Sent from my XT1022 using Tapatalk


----------



## bssunilreddy (Sep 27, 2016)

Epson L360 Ink Tank MFP -10,360. 

Link:Epson L360 Ink Tank Printer (Print, Scan, Copy)Upgraded model of L350 - Buy Epson L360 Ink Tank Printer (Print, Scan, Copy)Upgraded model of L350 Online at Low Price in India - Snapdeal


----------



## u4upendra (Sep 27, 2016)

bssunilreddy said:


> Epson L360 Ink Tank MFP -10,360.
> 
> Link:Epson L360 Ink Tank Printer (Print, Scan, Copy)Upgraded model of L350 - Buy Epson L360 Ink Tank Printer (Print, Scan, Copy)Upgraded model of L350 Online at Low Price in India - Snapdeal


Going with brother dcp t300.

Sent from my XT1022 using Tapatalk


----------



## u4upendra (Oct 2, 2016)

Can someone suggest which one is good among these two printers Brother DCP-T300 Colour Multifunction Ink Tank Printer Amazon.in: Buy Brother DCP-T300 Colour Multifunction Ink Tank Printer Online at Low Prices in India | Brother Reviews & Ratings and HP DeskJet 4535 All-in-One Wireless Color Ink Printer (Black) Amazon.in: Buy HP DeskJet 4535 All-in-One Wireless Color Ink Printer (Black) Online at Low Prices in India | HP Reviews & Ratings

Sent from my XT1022 using Tapatalk


----------



## bssunilreddy (Oct 2, 2016)

u4upendra said:


> Can someone suggest which one is good among these two printers Brother DCP-T300 Colour Multifunction Ink Tank Printer Amazon.in: Buy Brother DCP-T300 Colour Multifunction Ink Tank Printer Online at Low Prices in India | Brother Reviews & Ratings and HP DeskJet 4535 All-in-One Wireless Color Ink Printer (Black) Amazon.in: Buy HP DeskJet 4535 All-in-One Wireless Color Ink Printer (Black) Online at Low Prices in India | HP Reviews & Ratings
> 
> Sent from my XT1022 using Tapatalk


Brother DCP-T300 is best regarding price to performance or prints yeild ratio.

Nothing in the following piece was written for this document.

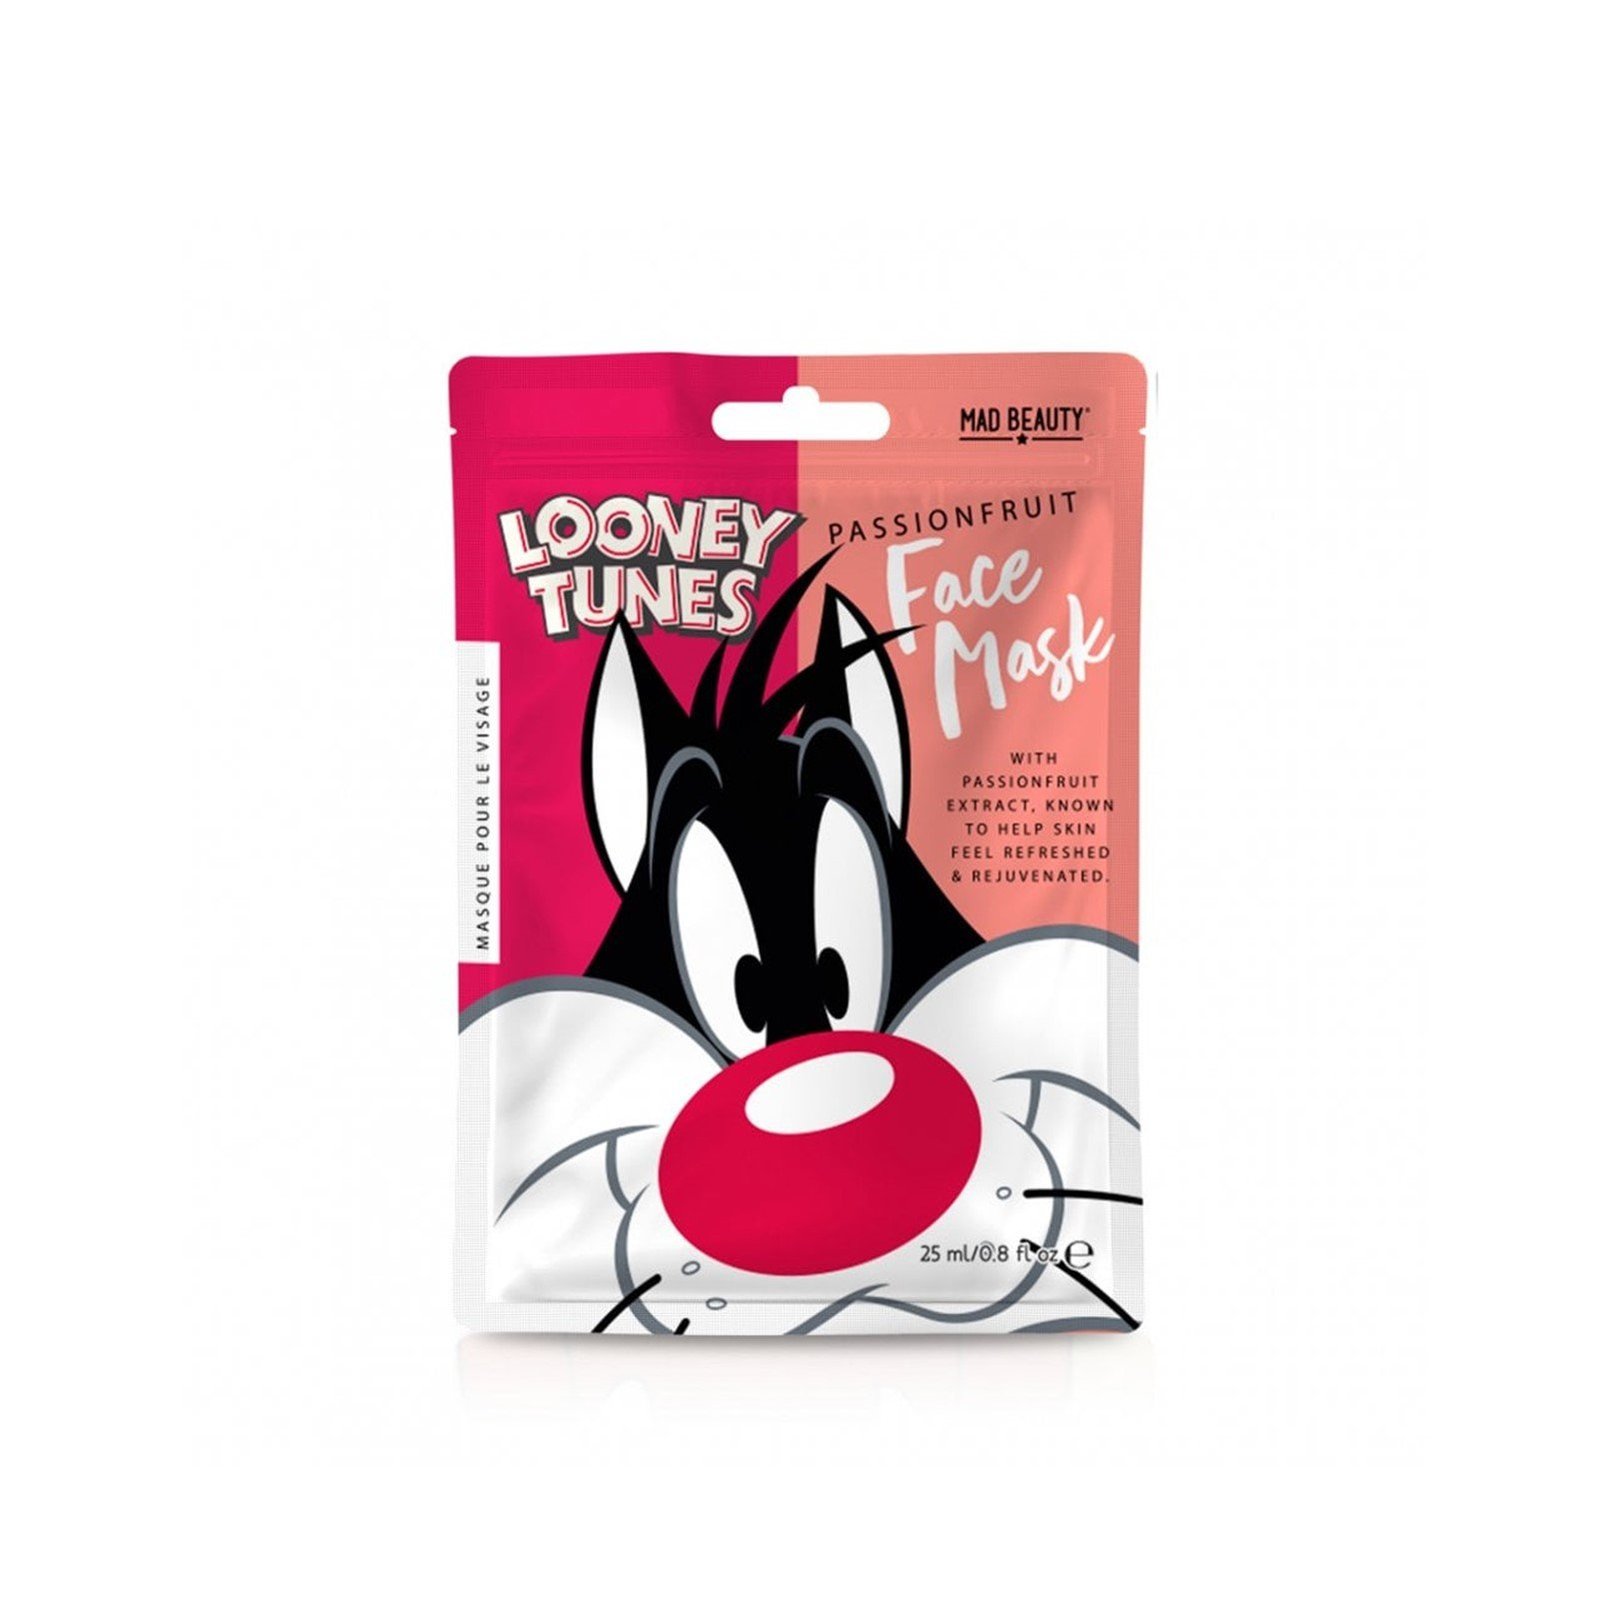 Mad Beauty Warner Brothers Looney Tunes Sylvester Sheet Face Mask 25ml (0.8 fl oz)

Sent from my ASUS_T00K using Tapatalk


----------



## u4upendra (Oct 2, 2016)

bssunilreddy said:


> Brother DCP-T300 is best regarding price to performance or prints yeild ratio.
> 
> Sent from my ASUS_T00K using Tapatalk


Thank you for the reply. I thought to take this brother printer but I don't use print regularly but weekly twice. I do more scanning so suggest in that view between in my mind I have Brother T 300, Epson L220 and HP 4535.  I want a cheap cartridge not a costly.

Sent from my XT1022 using Tapatalk


----------



## bssunilreddy (Oct 2, 2016)

u4upendra said:


> Thank you for the reply. I thought to take this brother printer but I don't use print regularly but weekly twice. I do more scanning so suggest in that view between in my mind I have Brother T 300, Epson L220 and HP 4535.  I want a cheap cartridge not a costly.
> 
> Sent from my XT1022 using Tapatalk


If you want to go cheap then Epson L220 is your best bet as it might come under 9k from local shops.

Sent from my ASUS_T00K using Tapatalk


----------



## u4upendra (Oct 2, 2016)

bssunilreddy said:


> If you want to go cheap then Epson L220 is your best bet as it might come under 9k from local shops.
> 
> Sent from my ASUS_T00K using Tapatalk


I to think Epson is the best bet

Sent from my XT1022 using Tapatalk


----------



## u4upendra (Oct 3, 2016)

Bought the Epson L220 printer from snapdeal for 7900/-

Sent from my XT1022 using Tapatalk


----------